Нам предстояло осмотреть только один из производственных агрегатов, так как другой еще только устанавливался. Трубы, которые мы видели, были сейчас лишними. Они относились к периоду, когда в печах изготовляли только кухонную посуду и сервизы, то есть ко времени основания Сен-Гобэна, XVII веку, эпохе Людовика XIV.
Затем мы вышли на большой двор, часть которого была превращена в парк. Над нашими головами проплывали вагонетки подвесной дороги, перевозившие песок и другие материалы для производства стекла. Вагонетки доставляли сырье прямо на баржи, направлявшиеся с грузами непосредственно в Шантрен; там эти грузы сбрасывались в огромные цементные резервуары. Нам объяснили, что песок составляет 75 % сырья, используемого для производства стекла, и что стекловаренным печам требуется ежедневно 75 тонн песка. Кроме того, добавляют углекислую соду, известняк и в малых количествах доломит, горный шпат, не говоря уже о «примеси» – толченом стекле. Все эти элементы составляют в печи массу, из которой получается стекло, но каждый входит в нее в строгой пропорции. Поэтому, начиная с цементных резервуаров, транспортные средства доставляют материалы на автоматические весы. Там их взвешивают отдельно. Каждые девять минут открываются люки, выбрасывая составные части в их точной дозировке на один и тот же транспортер, по которому их направляют в печь.
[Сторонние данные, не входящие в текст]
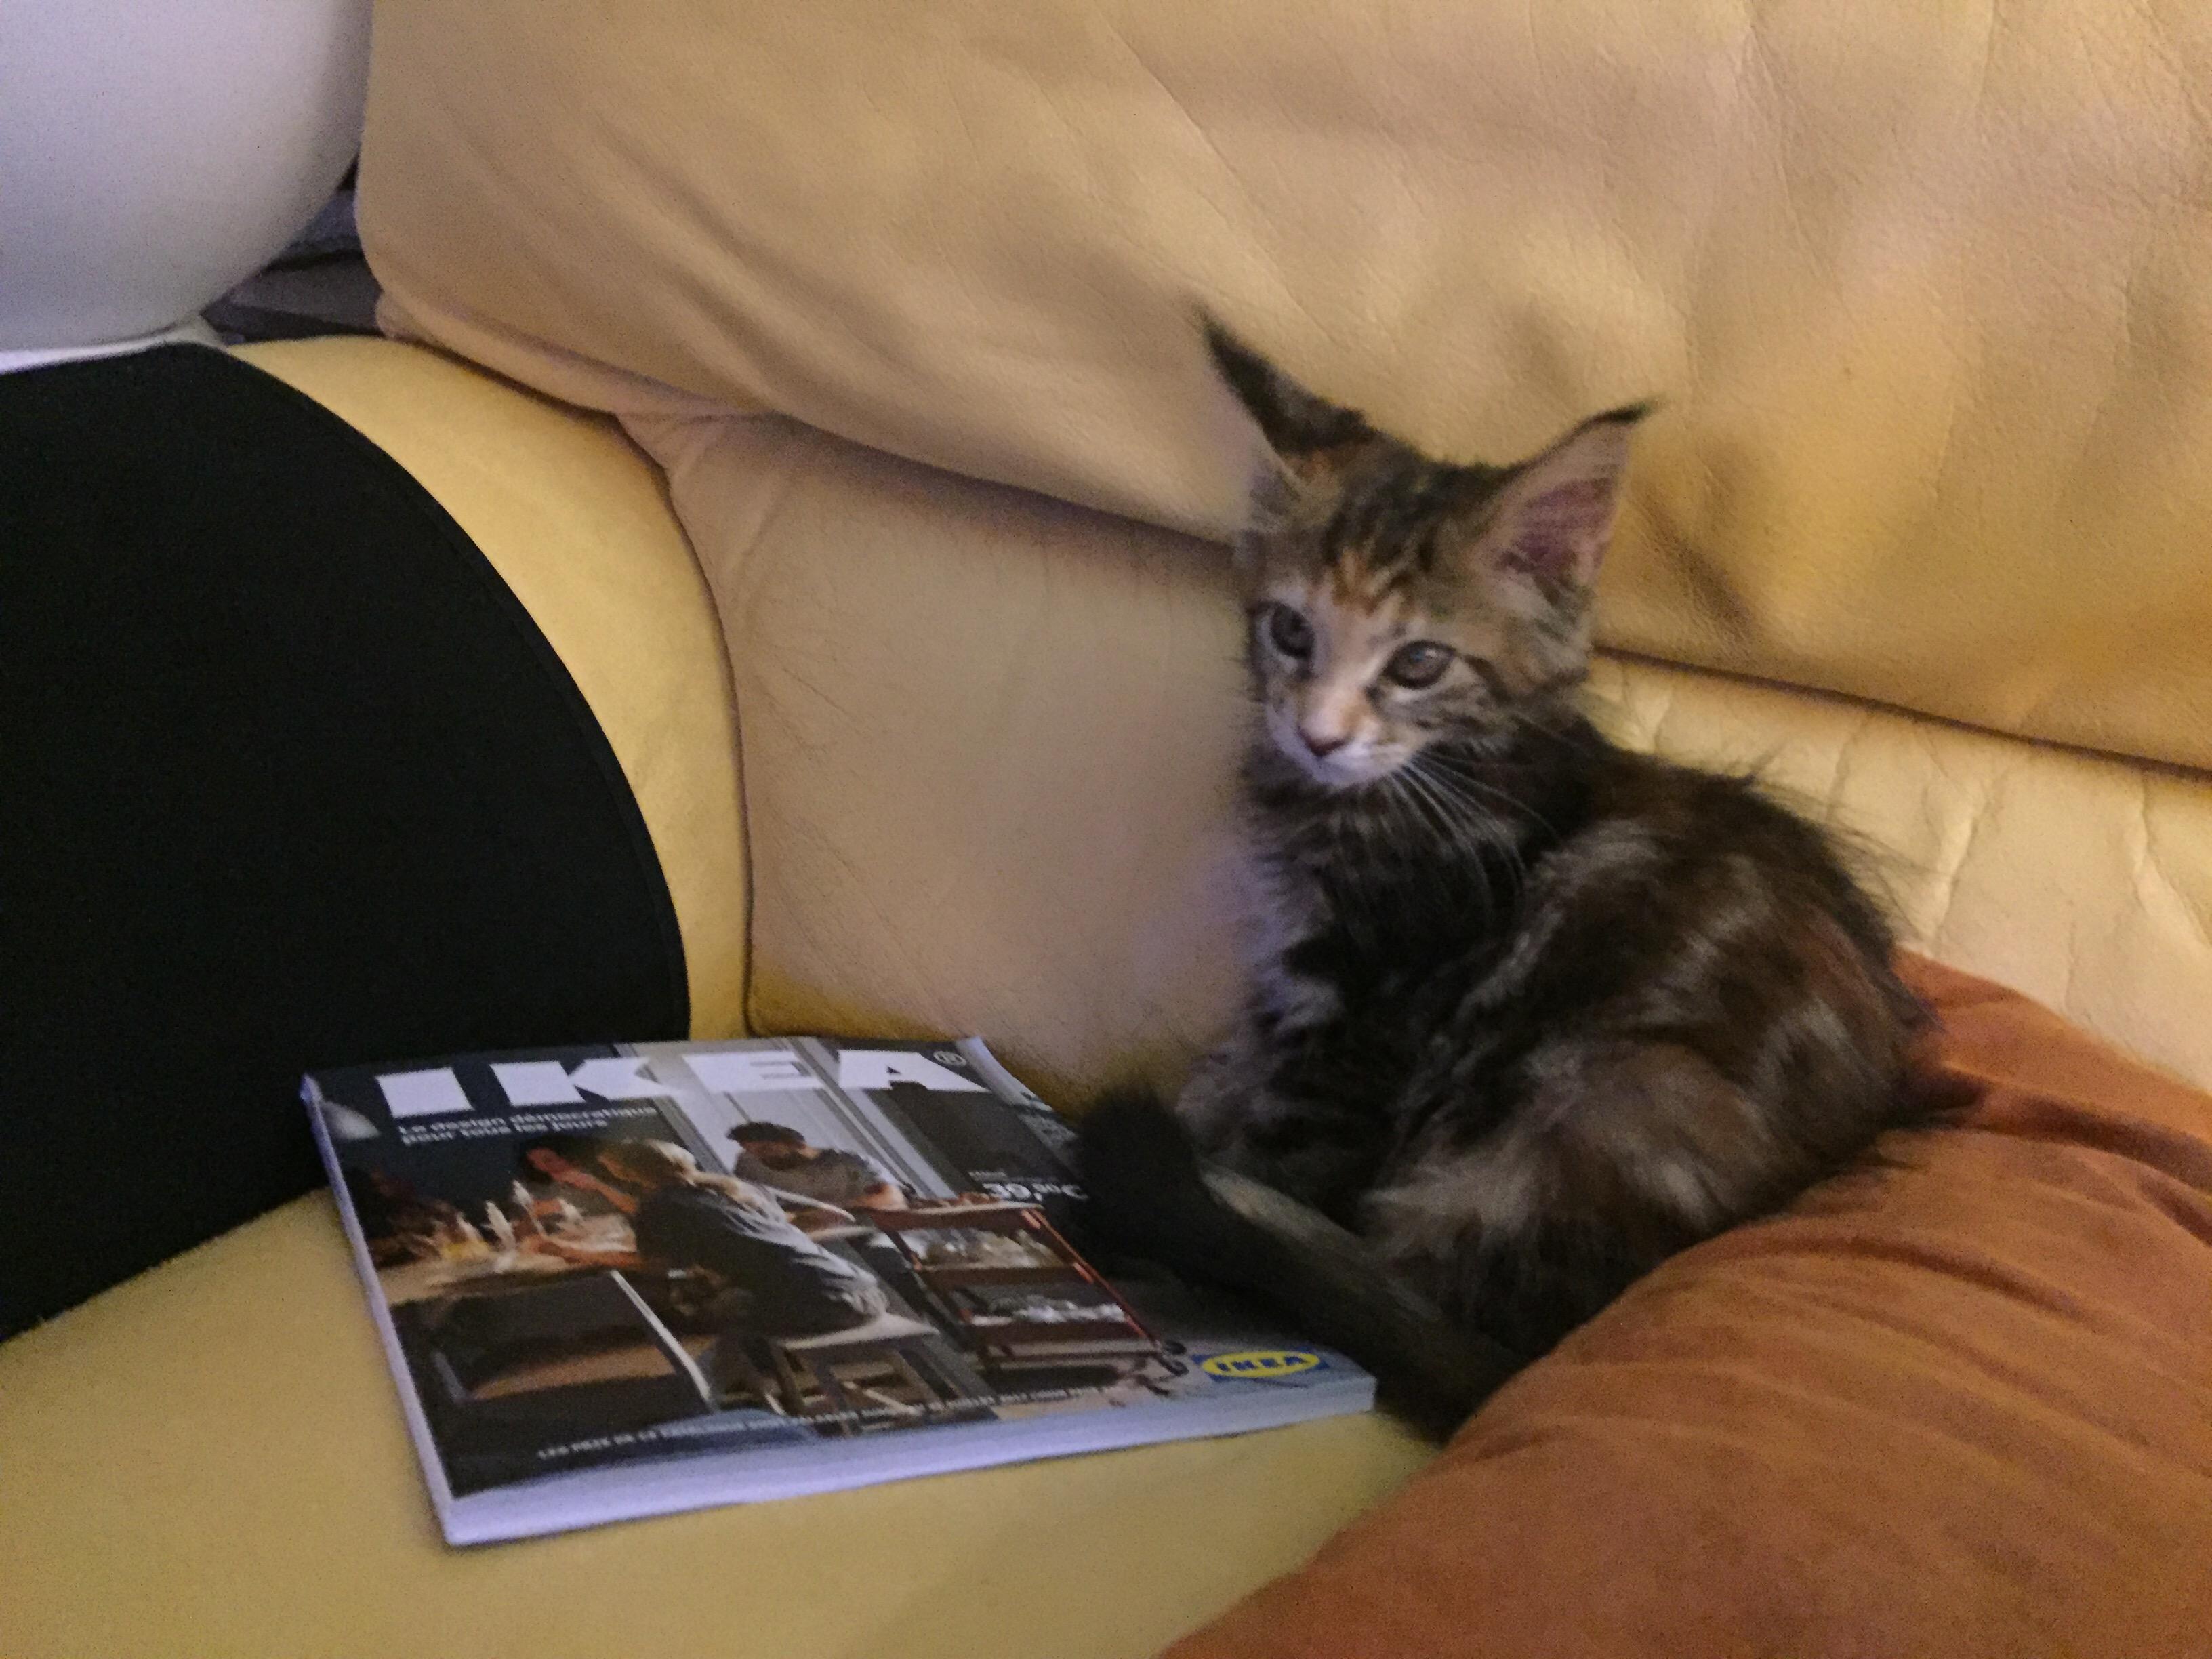 Vie de chat: Mamour n'a pas fini de s'installer!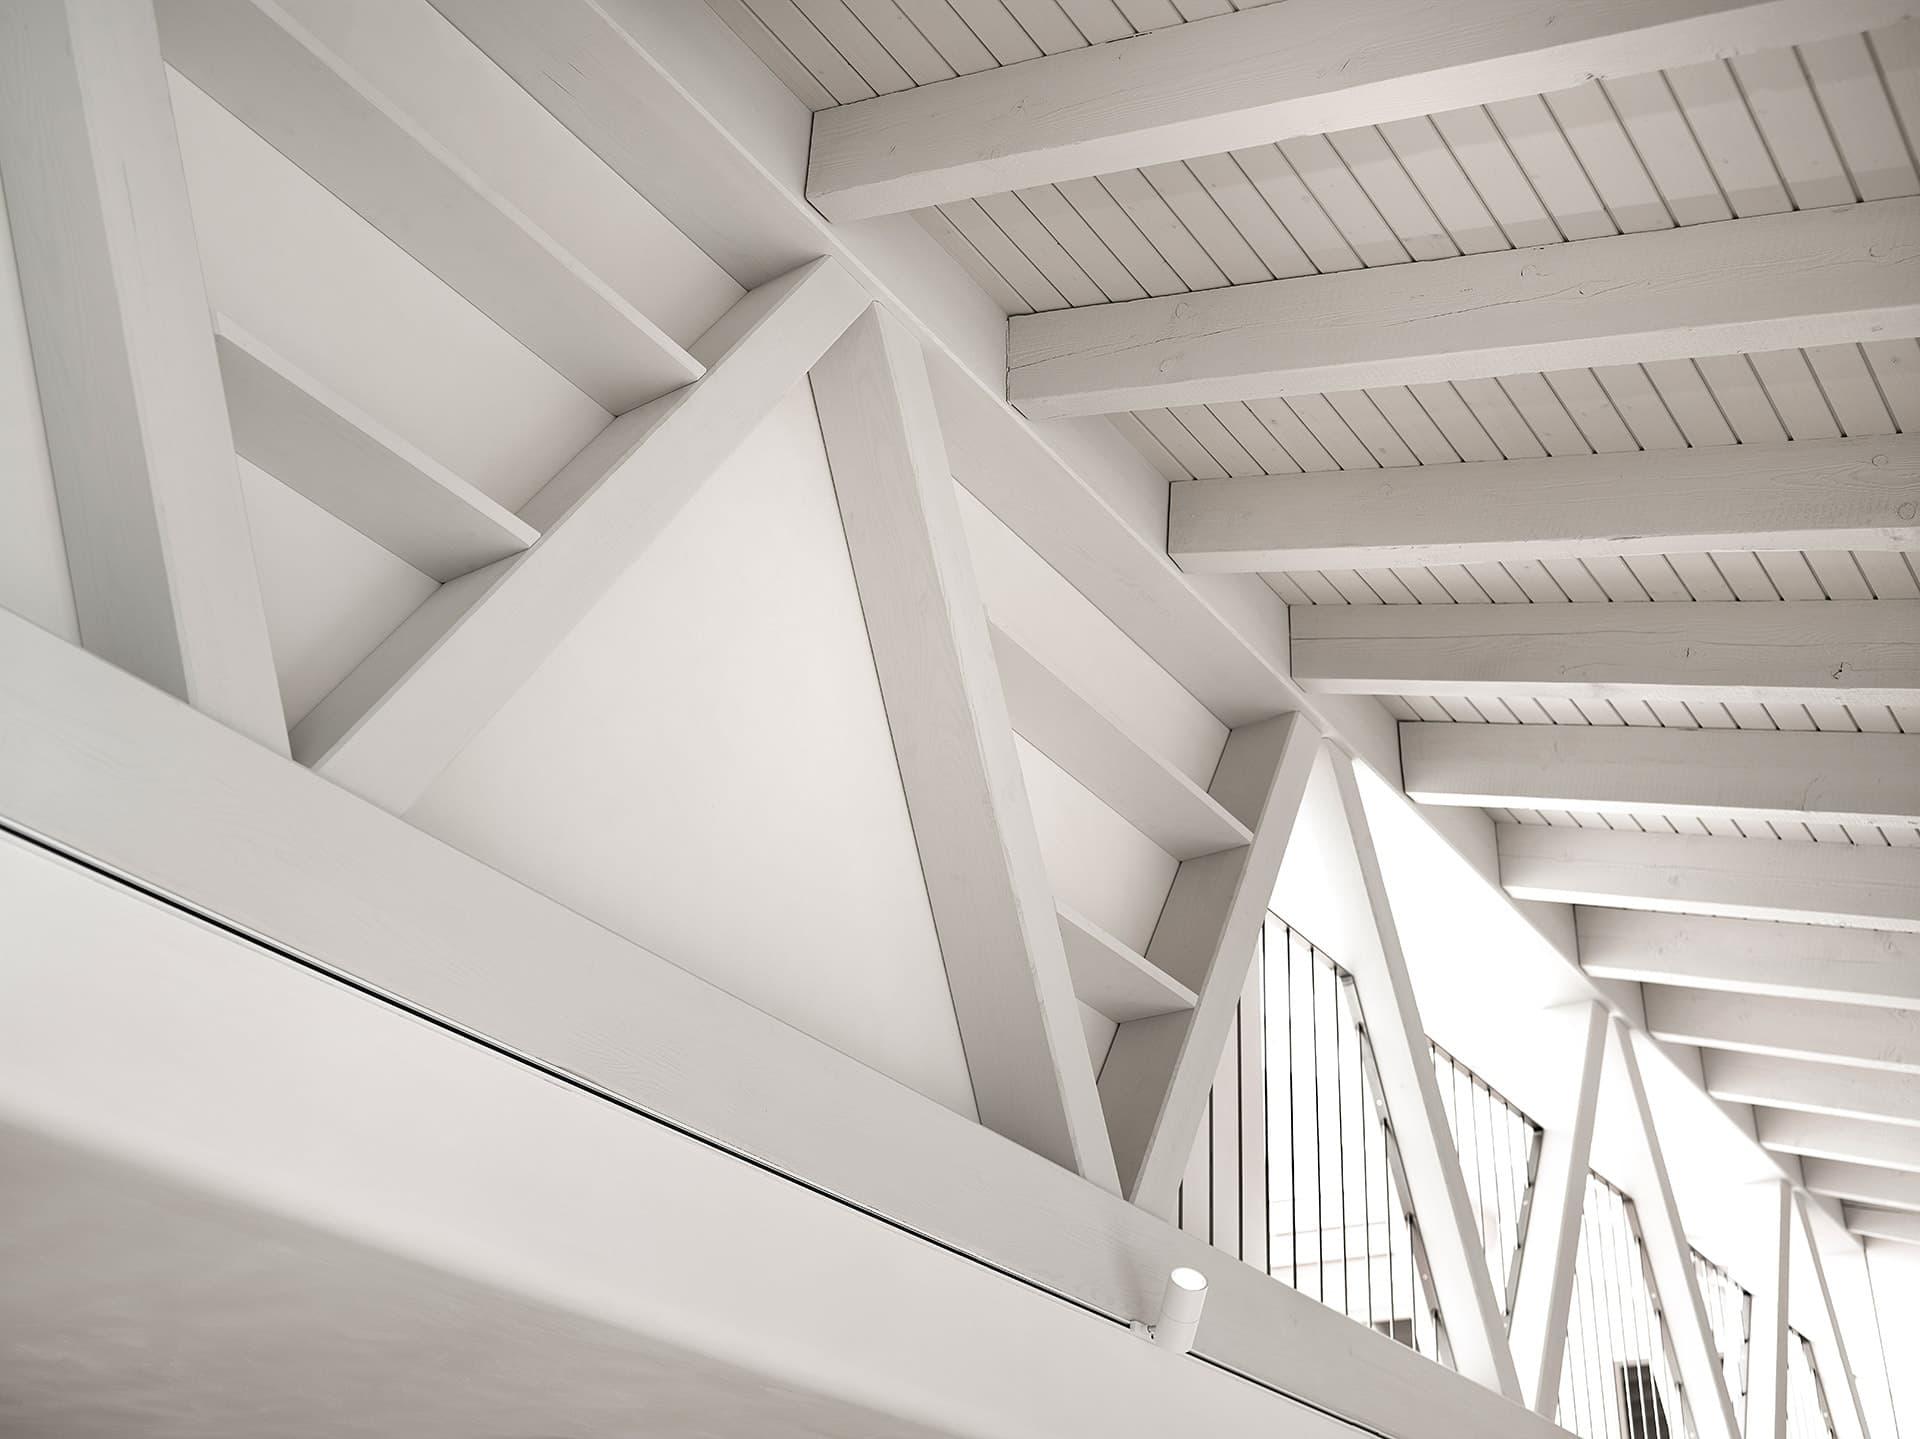 venuti-architects_CF003526-1

Все происходило, как по нотам и обходилось без помощи рук человека.
Вслед за нашим гидом мы вошли в стекловаренный цех. Он был настолько грандиозен по размеру, что еле виднелся его конец. Ошеломленные товарищи прижались ко мне. То же невольное ощущение сплотило и другую группу экскурсантов.
Это была инстинктивная защитная реакция, вызванная при виде огромных размеров зала и колоссального агрегата, занимавшего середину зала и терявшегося где-то вдали. Все были поражены величием машин, их умным, автоматическим действием. Людей не было, если не считать нескольких техников, находившихся в небольших застекленных галереях вдоль стен, с обеих сторон. Там циферблаты, рукоятки управления, разноцветные лампы и тысячи других контрольных приборов составляли два огромных щита, которые также свидетельствовали о невероятной степени автоматизации производства.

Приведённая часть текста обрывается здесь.